## Exercise
Print the data once more, exactly as given. Drop the pictures.

## Collected material
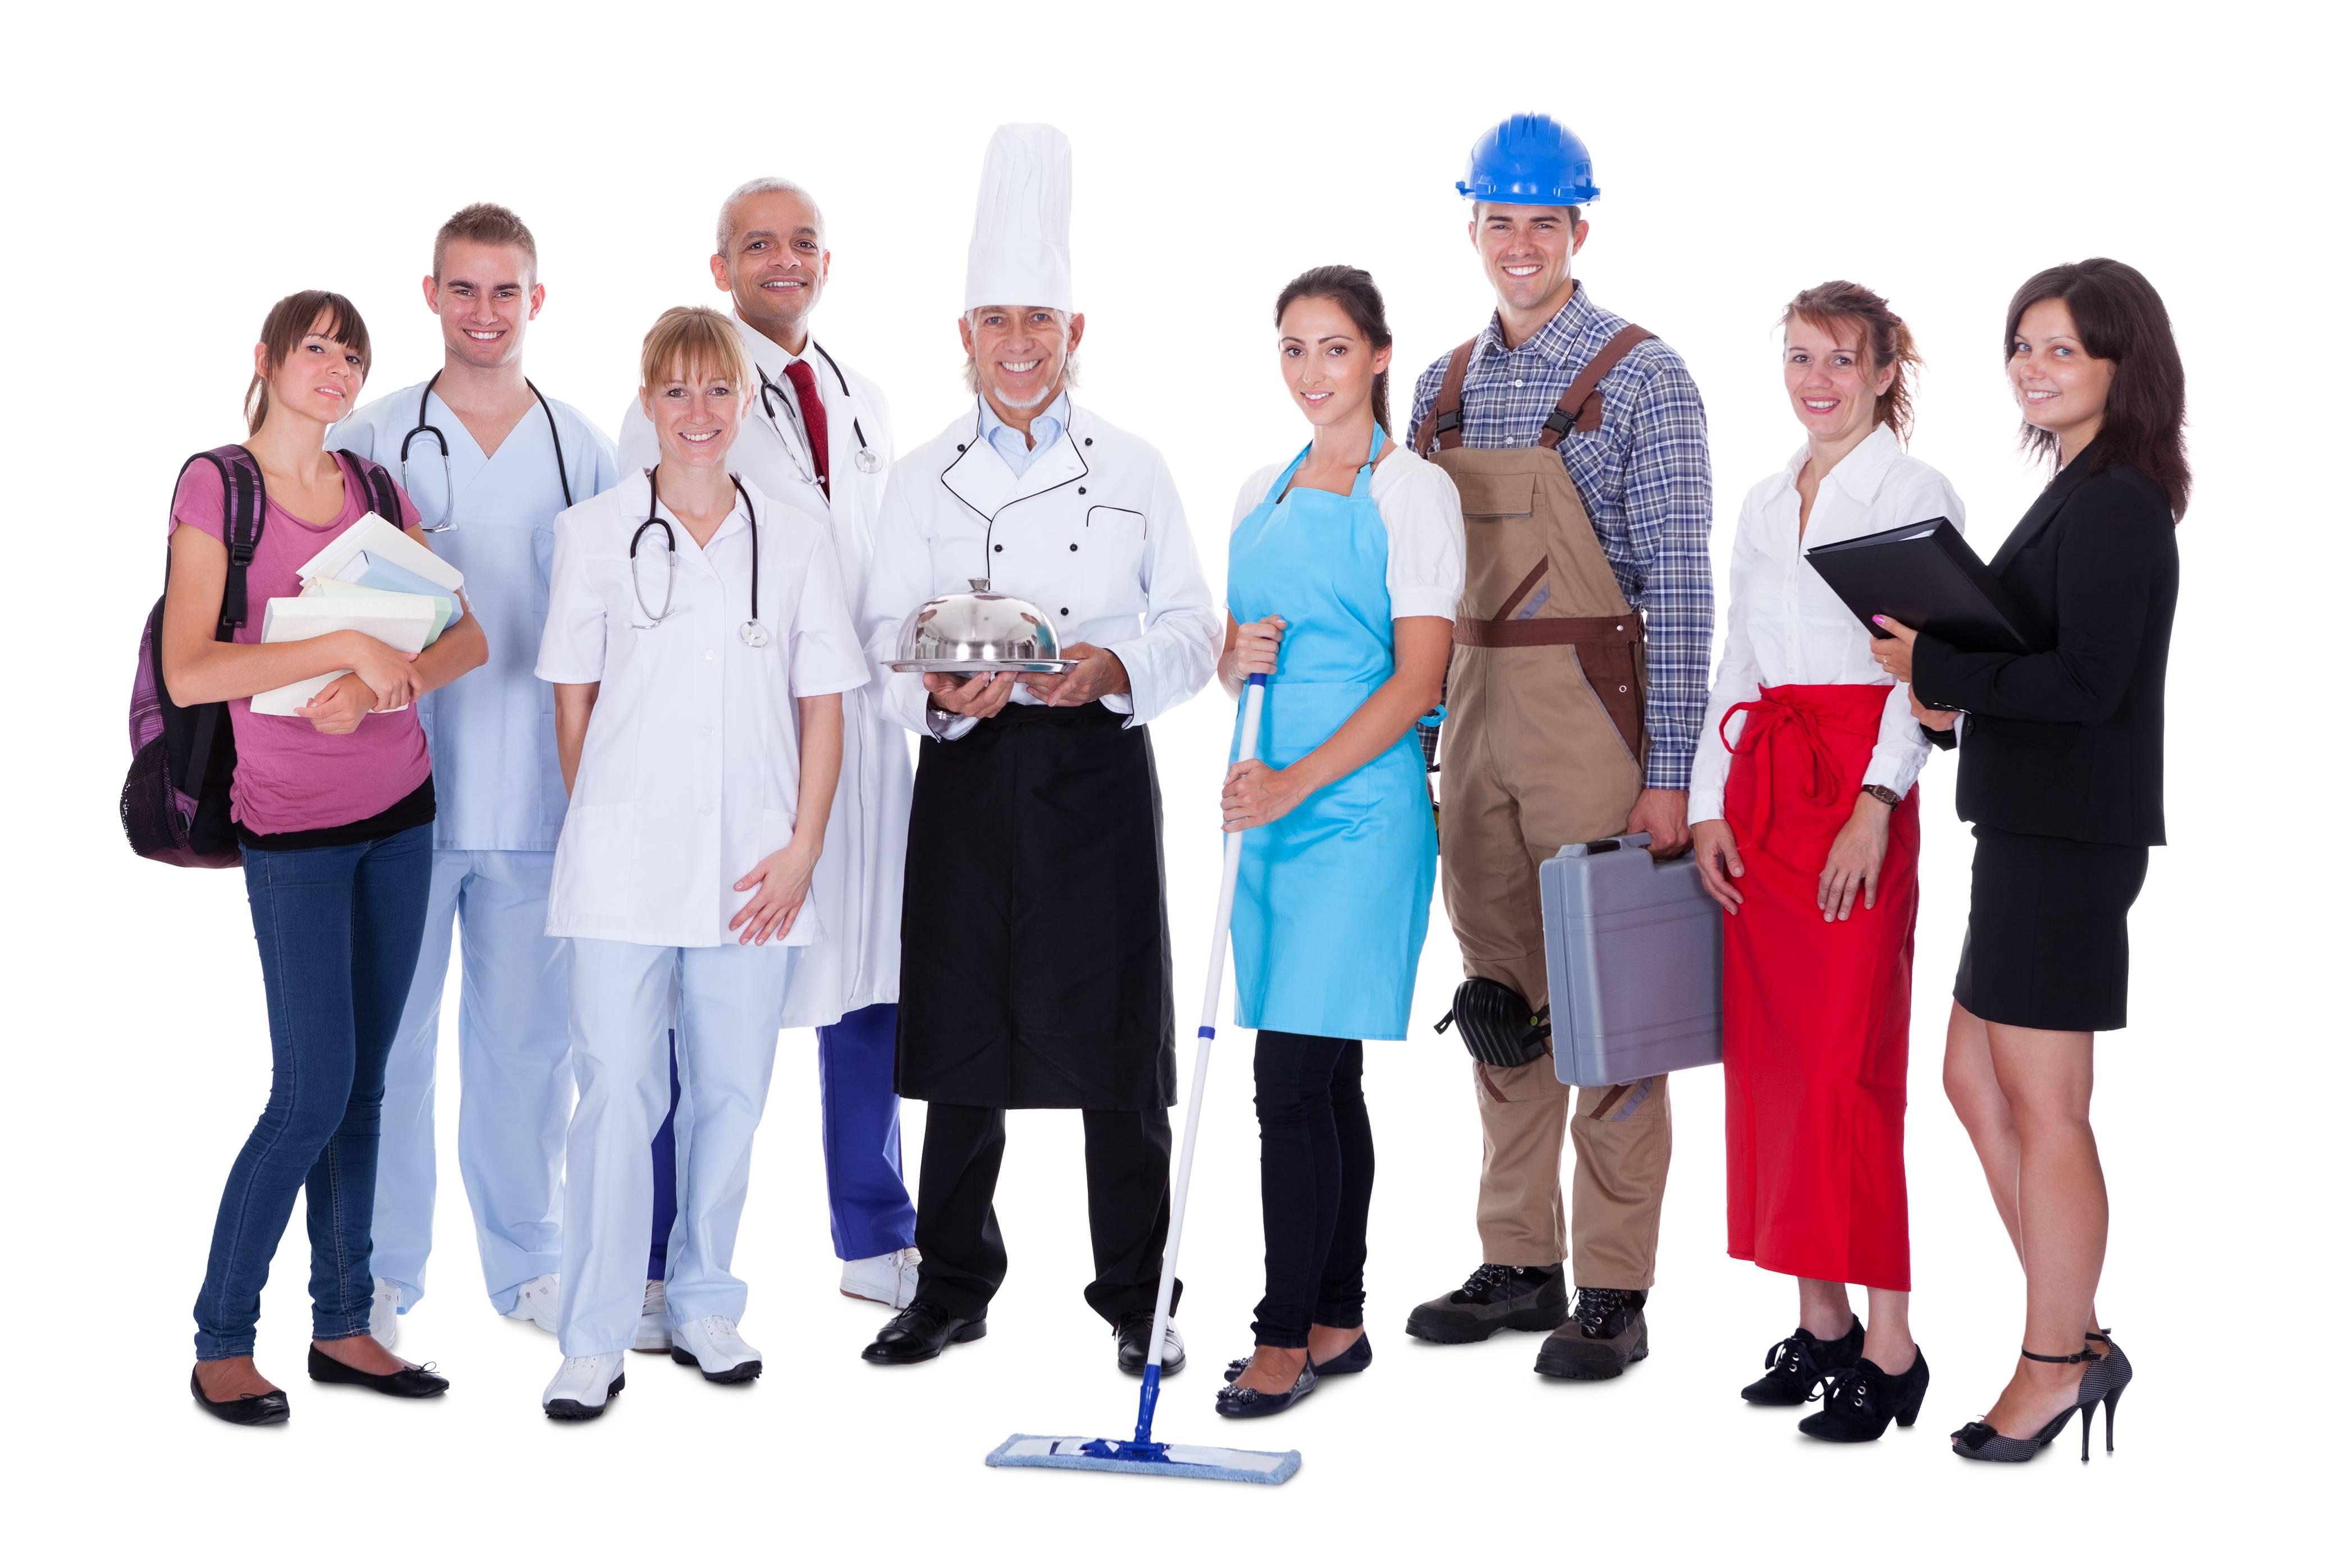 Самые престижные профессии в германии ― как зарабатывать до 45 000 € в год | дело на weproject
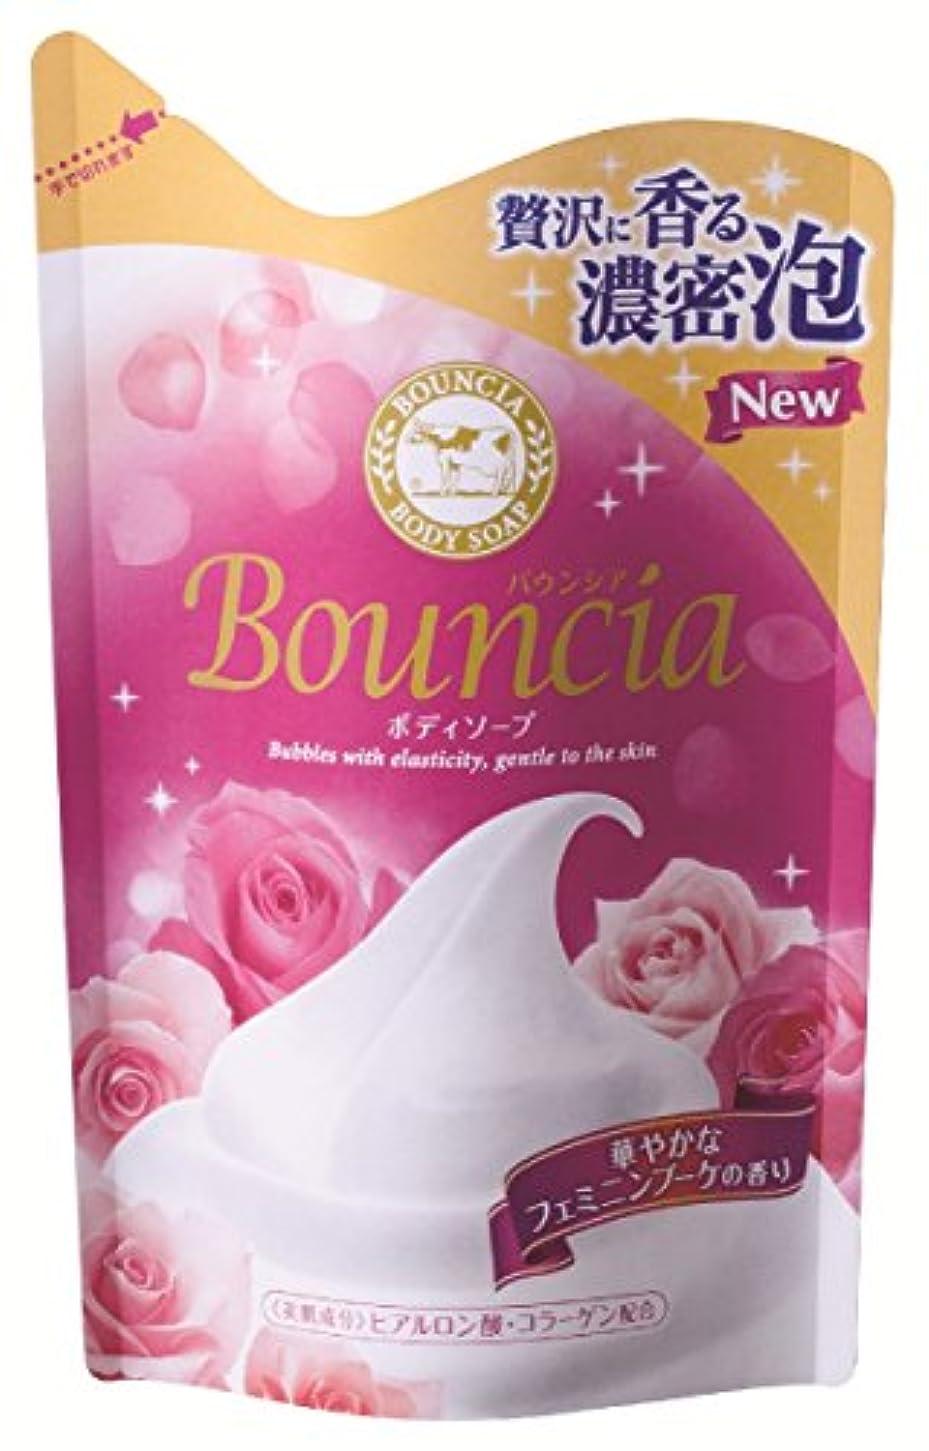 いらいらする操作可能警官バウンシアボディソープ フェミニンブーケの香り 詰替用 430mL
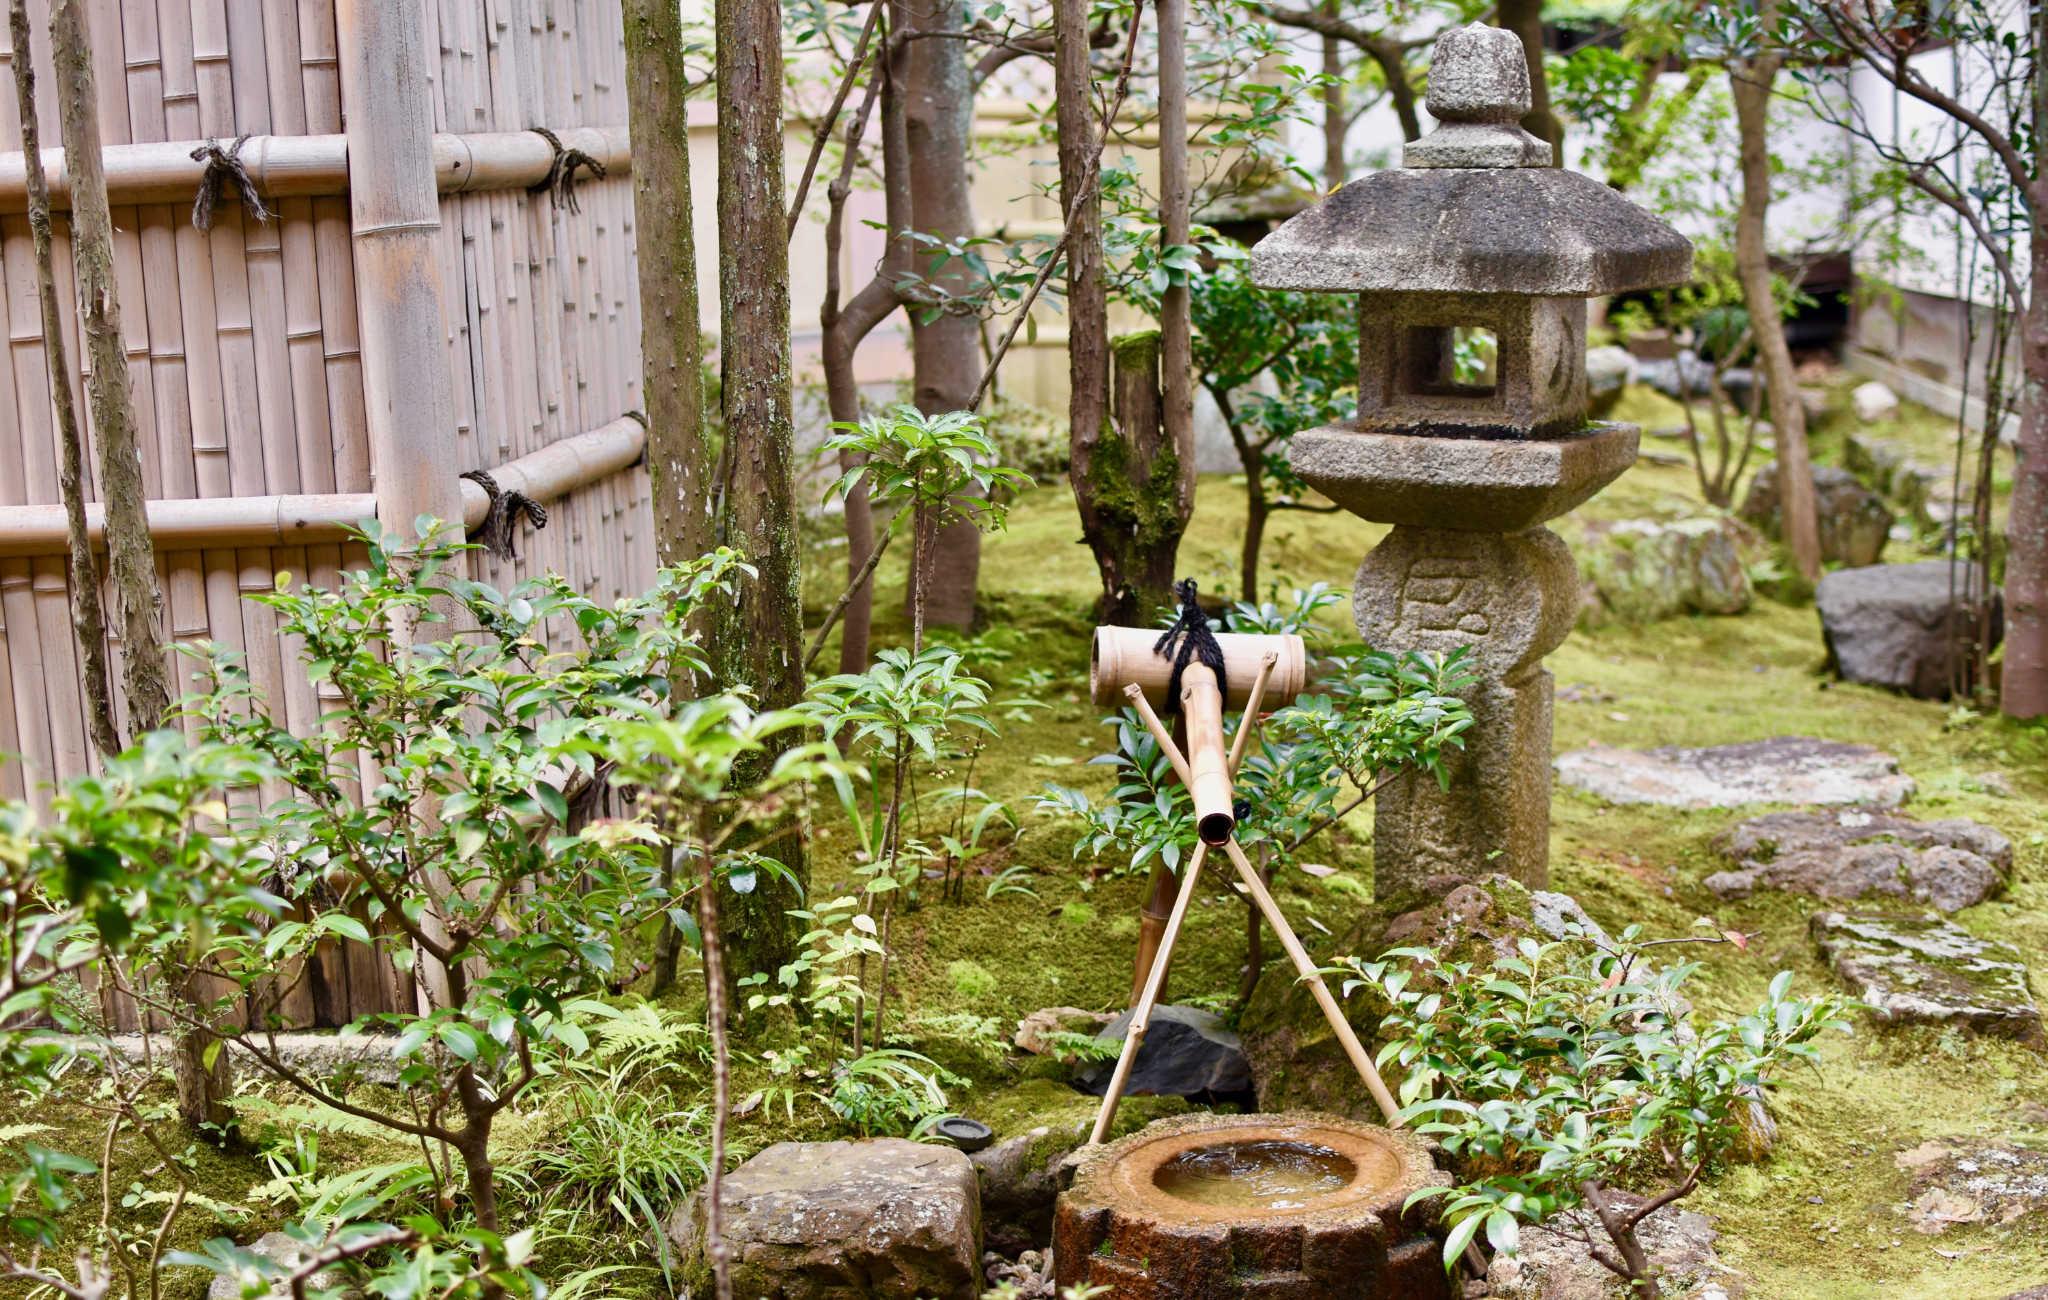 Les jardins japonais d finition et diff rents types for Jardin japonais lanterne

## Your response
 Самые престижные профессии в германии ― как зарабатывать до 45 000 € в год | дело на weproject
 いらいらする操作可能警官バウンシアボディソープ フェミニンブーケの香り 詰替用 430mL
 Les jardins japonais d finition et diff rents types for Jardin japonais lanterne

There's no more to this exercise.